13. A method of operating, during an inference mode, a hearing system including one or more memory devices configured to store a first neural network, the method comprising:

receiving audio input signals at one or more audio input devices, the audio input signals including audio information arising from a plurality of sound sources;

operating one or more processing devices in accordance with the first neural network to generate intermediate output signals that, to a higher degree than in the audio information, reflect or emphasize at least one desired sound source component of the audio information arising from a desired one of the sound sources of the plurality of sound sources determined to be the desired one of the sound sources at least indirectly based upon a first undershot angle evident from the audio information; and

generating, at one or more audio output devices, audio output signals based at least indirectly upon the intermediate output signals.

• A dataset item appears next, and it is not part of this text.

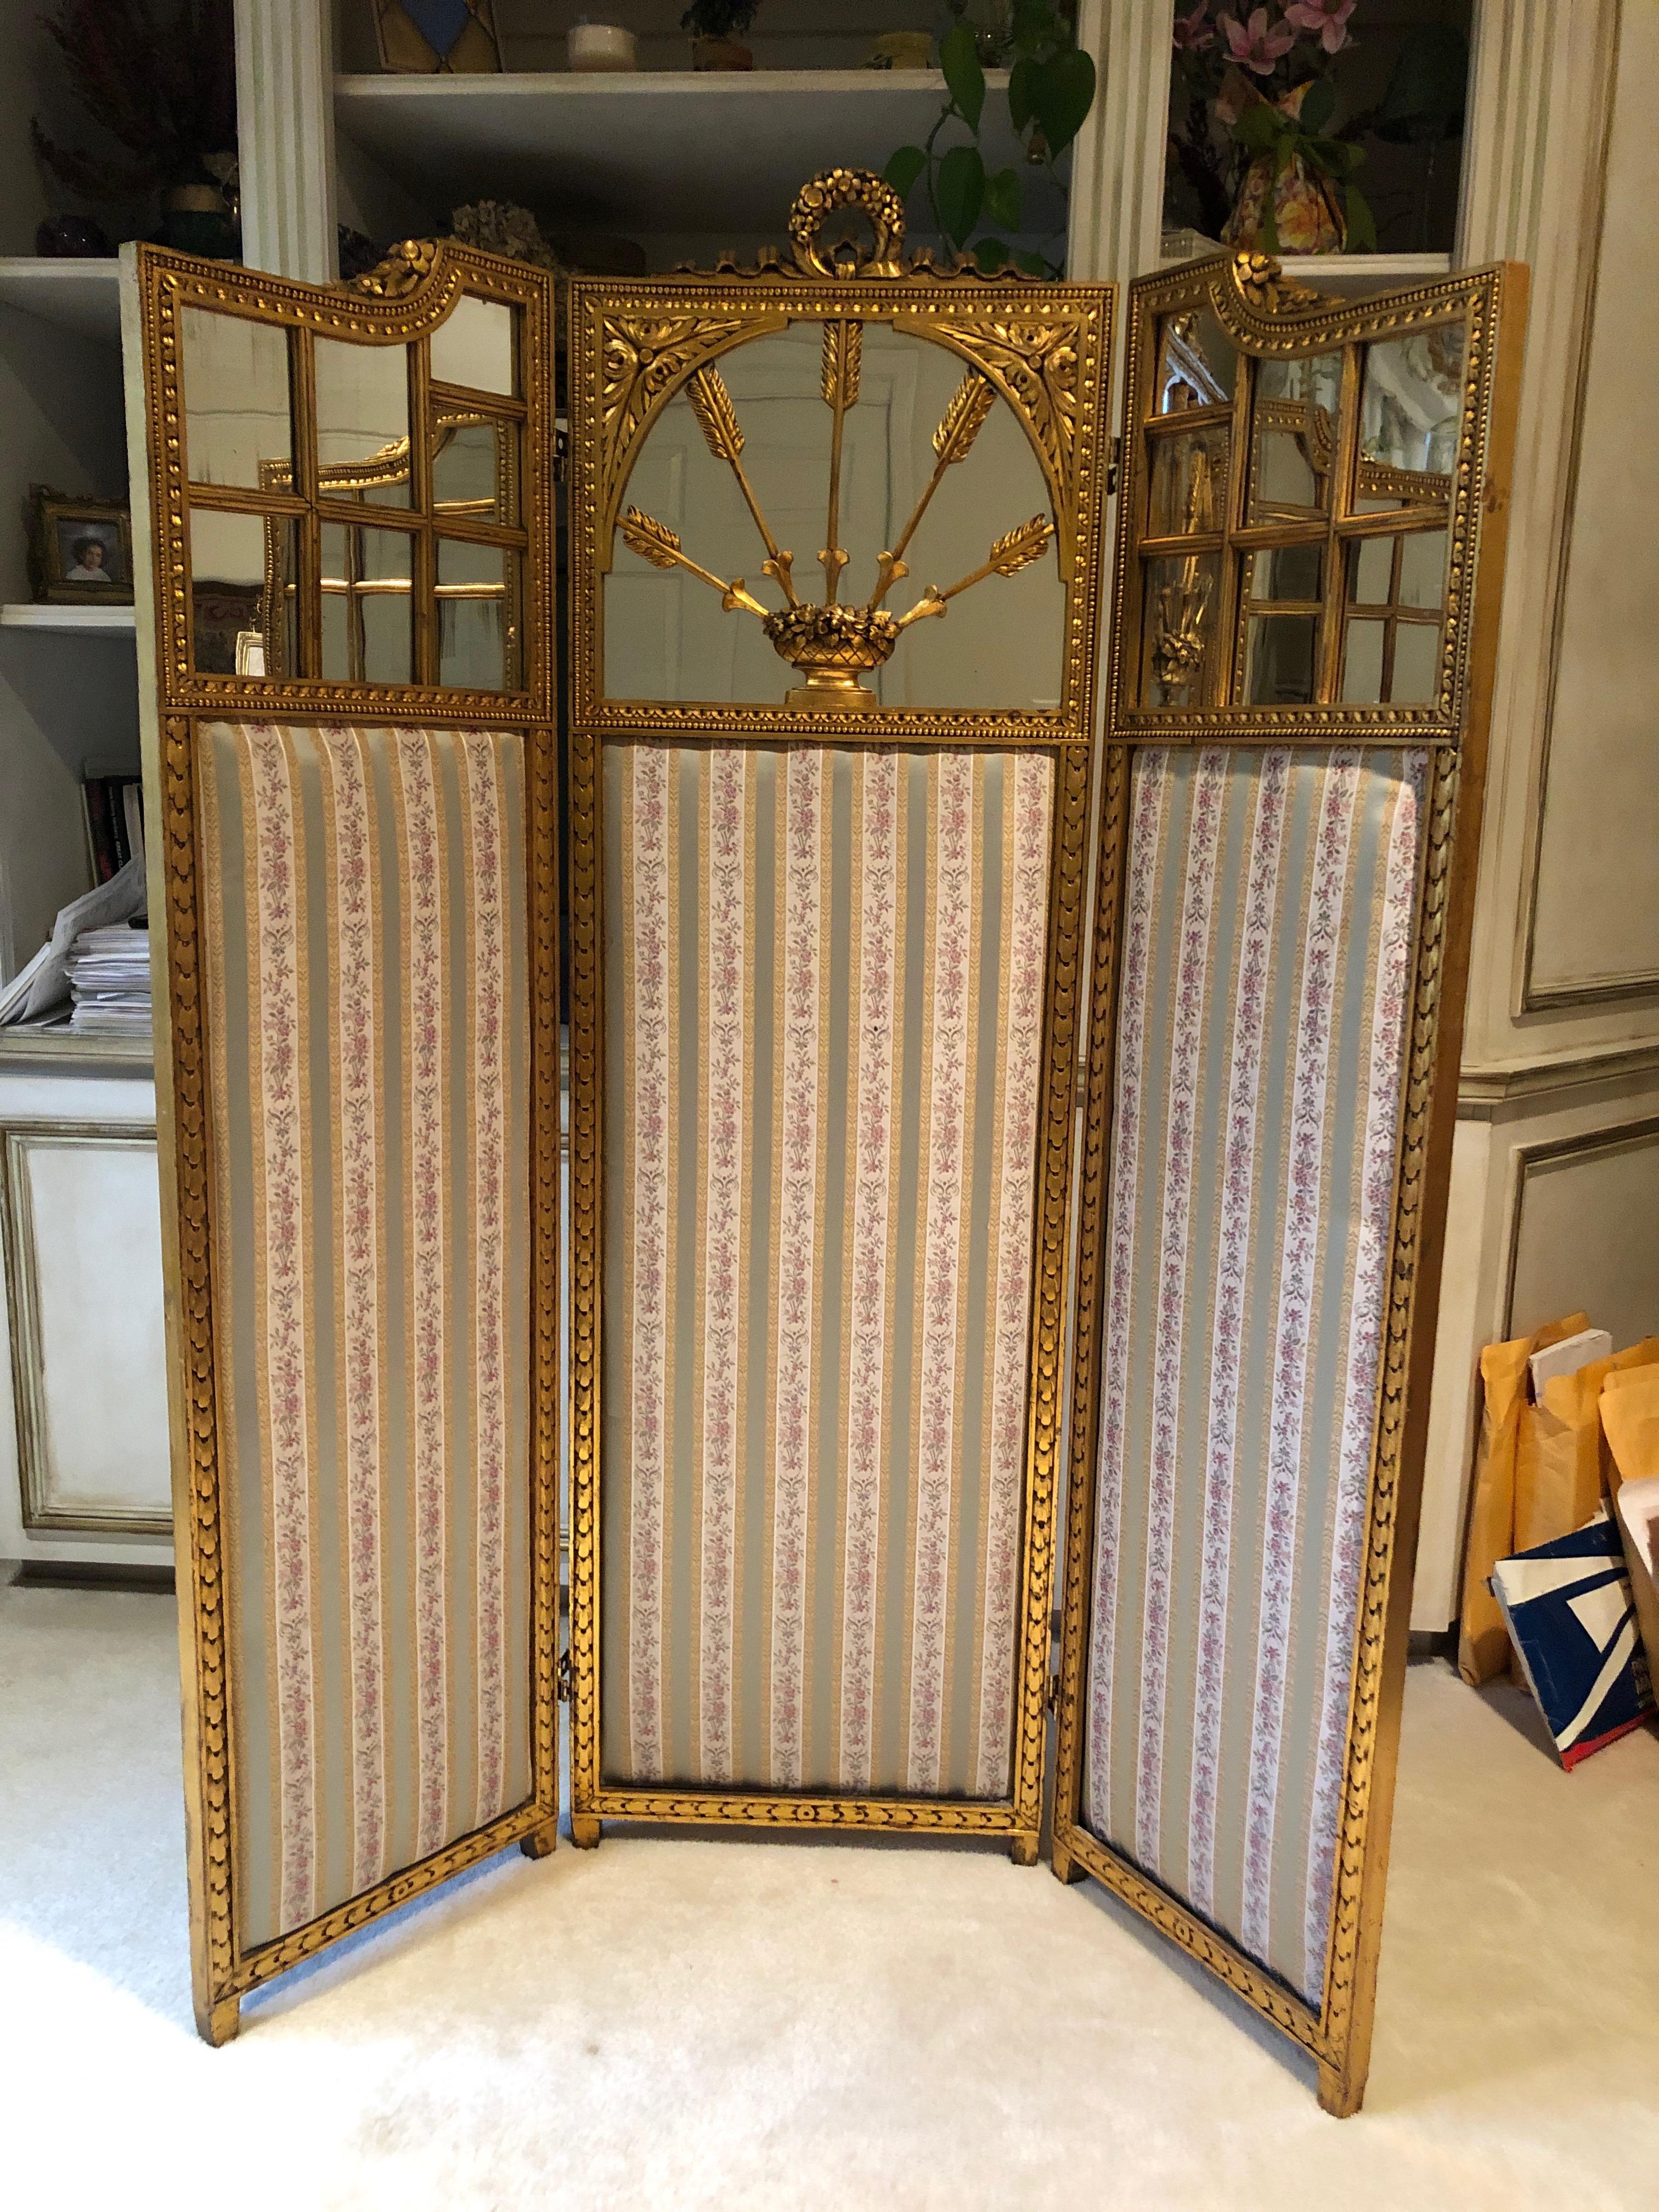 Ein sublim eleganter, vielseitiger antiker französischer neoklassizistischer Paravent mit einer zentralen Tafel, die eine Girlande mit gekräuselten Bändern über einer quadratischen, verspiegelten Tafel zeigt, die mit laufenden Perlen und
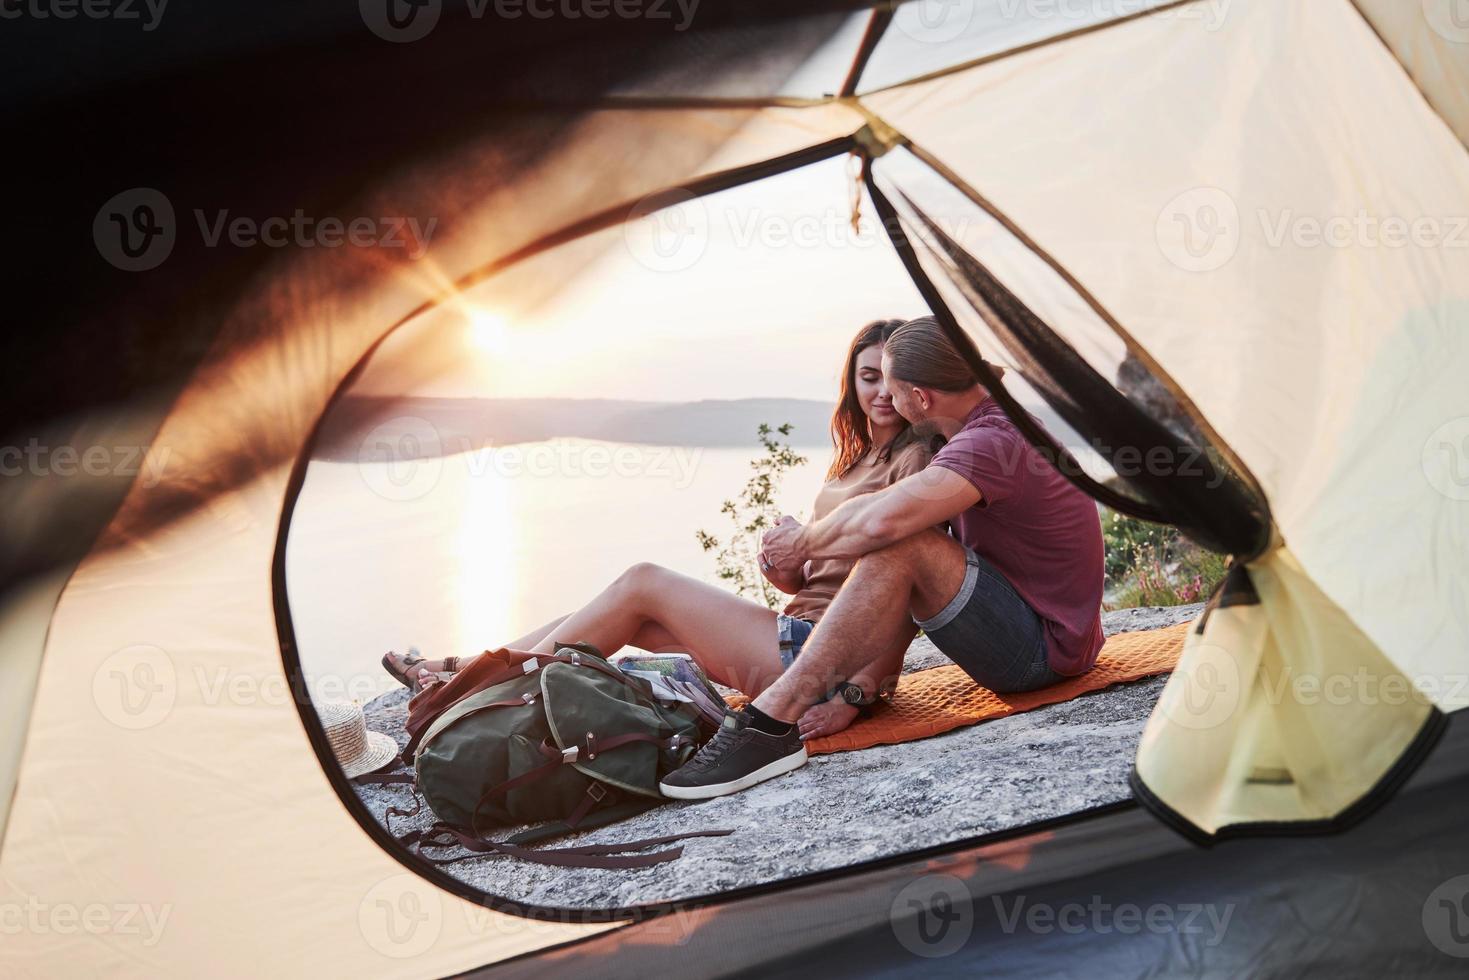 uitzicht vanuit tent van paar liggend op het meer tijdens wandeltocht. avel lifestyle concept avontuurlijke vakanties buiten foto

14. The method of claim 13, wherein the audio input devices are positioned on or associated with a listener human being having a listener center axis extending therefrom, wherein the plurality of sound sources includes a plurality of sound source human beings, and wherein the desired one of the sound sources is a first one of the sound source human beings.

15. The method of claim 14, wherein a plurality of additional axes extend respectively between the respective sound source human beings and the listener human being, wherein a plurality of angular differences exist respectively between the listener center axis and the respective additional axes of the plurality of additional axes, and wherein the first undershot angle is a first angular difference between the listener center axis and a first one of the additional axes that, at a first time, is smaller than each other one of the angular differences.

16. The method of claim 15,

wherein the operating includes determining a second undershot angle that is different from the first undershot angle, wherein the second undershot angle is a second angular difference between the listener center axis and a second one of the additional axes that, at a second time, becomes smaller than the first angular difference, and

17. The method of claim 13, wherein the intermediate output signals are linear filter coefficients, and further comprising multiplying or convolving the linear filter coefficients with the audio input signals or additional signals based at least indirectly upon the audio input signals to generate further intermediate output signals, wherein the audio output signals are based at least indirectly upon the further intermediate output signals.

18. The method of claim 13, wherein the intermediate output signals are statistics for a filter, and further comprising processing, by the filter with respect to which the statistics pertain, the statistics and the audio input signals or additional signals based at least indirectly upon the audio input signals to generate further intermediate output signals, wherein the audio output signals are based at least indirectly upon the further intermediate output signals.

19. The method of claim 18, wherein the filter is a beamforming filter that is minimum variance distortionless response (MVDR) filter.

20. The method of claim 13, wherein the first neural network is a deep neural network that was trained prior to operating in the inference mode, so as to be able to identify undershot angles and respective desired sound sources based upon received audio data.